Like a linguistic system the Malazan magic has a diachronic dimension that is even more important than synchronic aspects: it’s ever-evolving.

That again means this fantasy world is built as human-sized (even when it project human fears or human struggles, that look inhuman, it’s always circular. Same as even the most inhuman species are still kind of human representations anyway). Whereas our own would is (supposedly) built on science. Rules, math. Stuff that is alien to a human dimension, that you can only try to grasp, but that is qualitatively different. (see Heboric flying with the Jade statues in book 4, those statues represent something closer to our world) Something that David Foster Wallace also writes about and defines: “the widening gap between knowledge and experience”.

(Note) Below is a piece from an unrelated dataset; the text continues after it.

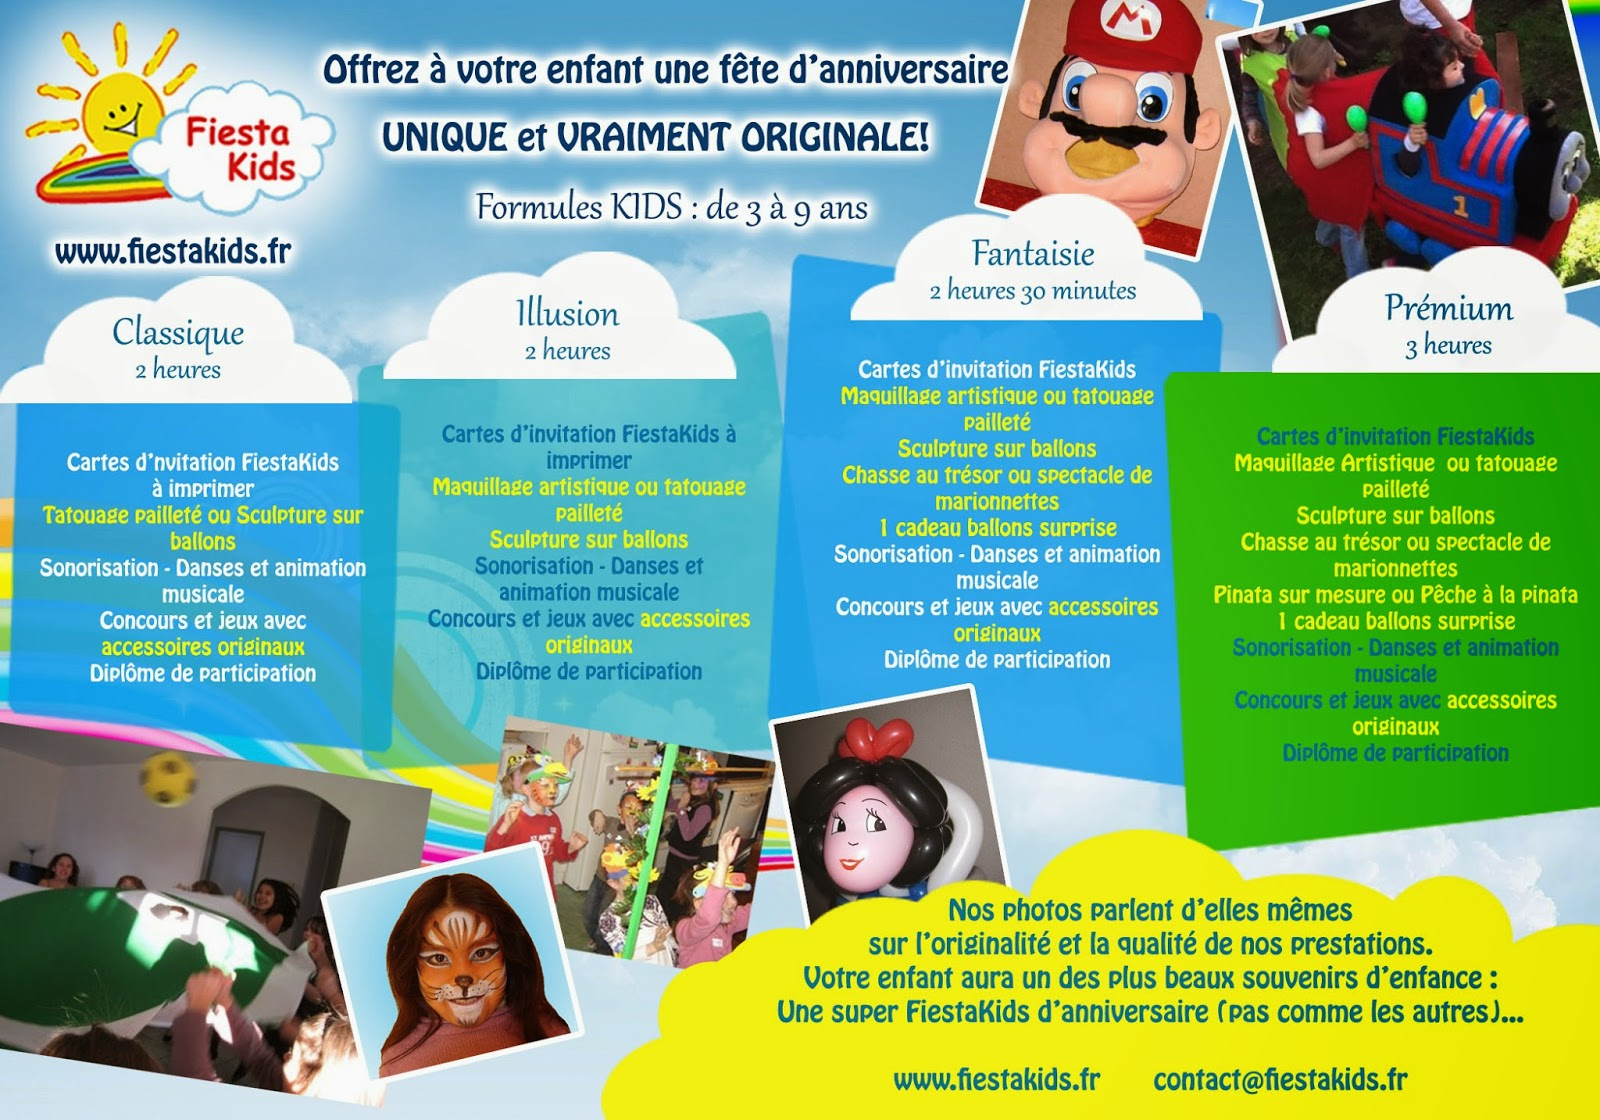 fiestakids animations et spectacles pour enfants toulouse ari ge carcassonne animation. Black Bedroom Furniture Sets. Home Design Ideas

Or: post-modernity. Trying to come to terms with a world that makes no “sense” anymore.

Bakker writes the same stuff, but from a different angle. So it’s like if it’s complementary and opposite to Malazan.

This is the stuff I like. If you know more of this kind I’d love to hear about it. Sadly I really haven’t found anything that comes close… (well, Evangelion, Donnie Darko, Upstream Color, Battlestar Galactica and LOST, these do certain things on the same line with their mythology, but none do it as well and, MOST OF ALL: *coherently* as Malazan)

One Comment

  1. This isn’t exactly what you’re looking for, and I know you wrote this over a year ago, but the Elder Scrolls lore, particularly from Morrowind and the lore of Glorantha both fit these qualities.